Sri Lanka's external and public finances are of concern whilst macroeconomic performance is stable, according to international rating agency Fitch, a report said here on Monday.
In its latest overview over Asia Pacific countries, Fitch said Sri Lanka's Foreign Currency (FC) and Local Currency (LC) ratings have been affirmed at BB- with Stable Outlook in April 2013.
This balances the strength of the country's resilient growth performance and strong payment record against the weaknesses of its fiscal and external balance sheets, it added.
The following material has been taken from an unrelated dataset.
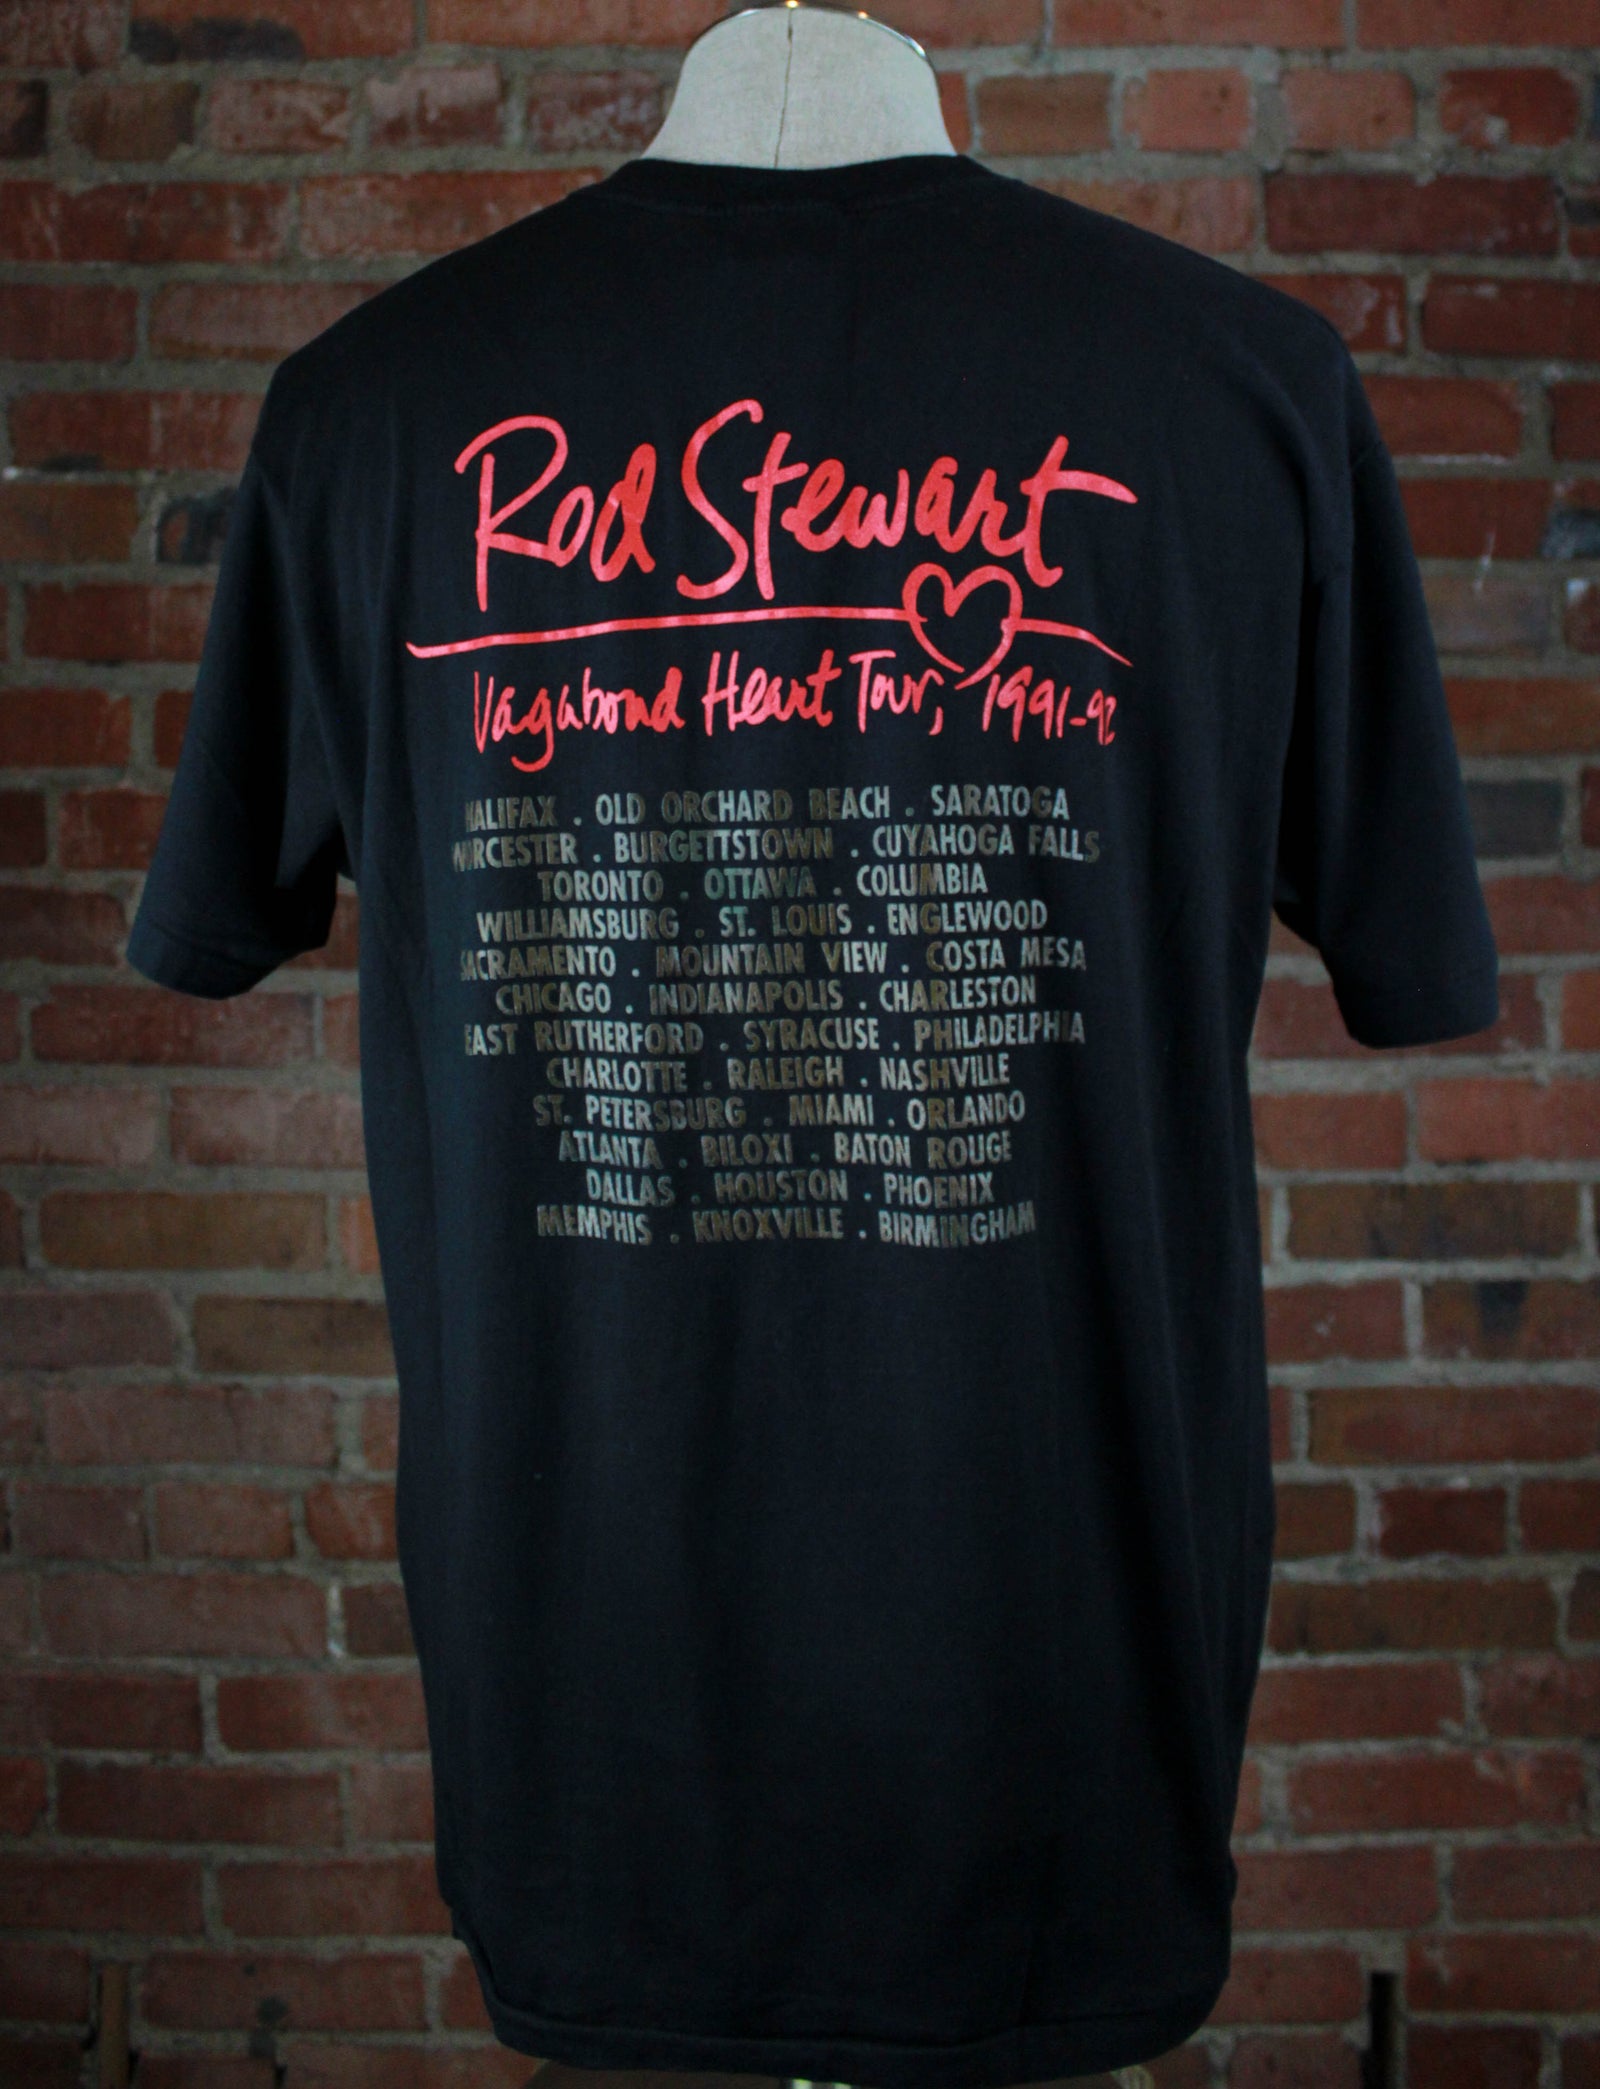 Vintage 1991 Rod Stewart Concert T Shirt Vagabond Heart Tour Black Unisex Large

Fitch said the Sri Lankan economy was growing at a more sustainable level as real GDP grew by 6.0 percent Year on Year ( YoY) in the first quarter of 2013 and inflation pressure has moderated, rising by 6.8 percent YoY in second quarter of 2013.
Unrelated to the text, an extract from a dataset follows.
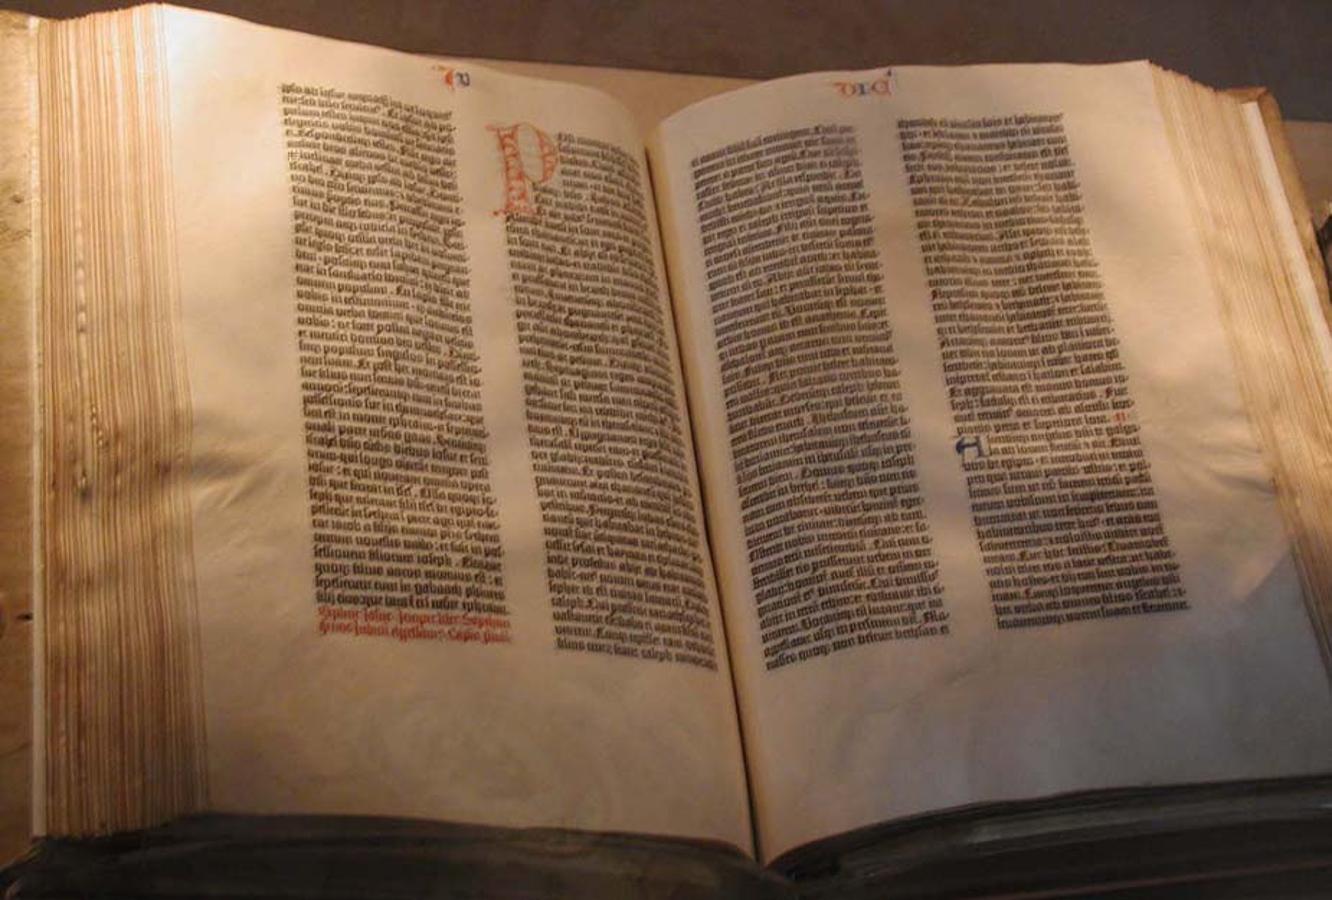 La Biblia de Guttemberg. Cada hoja del primer libro impreso cuesta millones. Johans Gutenberg lanzó el primer incunable alrededor de 1455. Las primeras impresiones de la historia eran religiosas, la última hoja de Salmos la subastó Christie's y su valor ascendió a los 65.000 dólares (más de 50.000 euros)

"Sri Lanka's external finances remain a source of concern due to a heavy external debt refinancing schedule, where an average of 1.9 billion U.S. dollars per annum in sovereign debt is projected to mature during 2013-2015," it said.
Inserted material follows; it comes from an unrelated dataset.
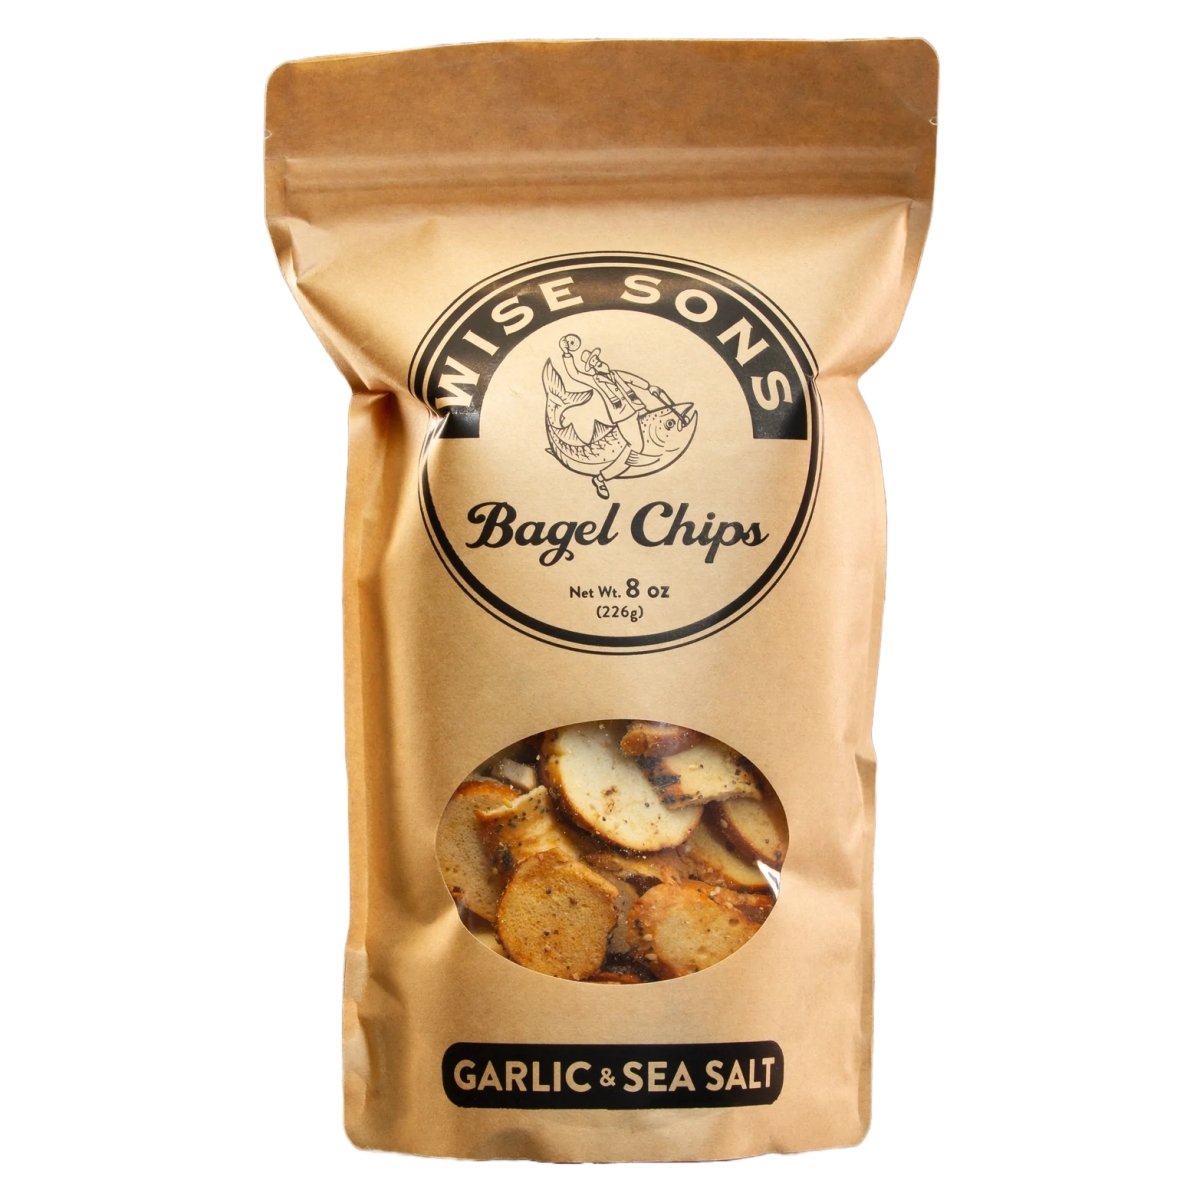 Wise Sons - 'Garlic & Sea Salt' Bagel Chips (8OZ) - The Epicurean Trader

Fitch said foreign reserves, however, remain at a healthy level, standing at 6.9 billion U.S. dollars at the end of April in 2013. It also said progress on fiscal consolidation has been slow as the budget deficit fell to 6.4 percent of GDP in 2012.
According to Fitch the key rating drivers for Sri Lanka are on the upsides -- sustained improvements in both the public and external finances whilst on the downside was an intensification in external financing risks and an extended period of overheating or a significant deterioration in the public finances.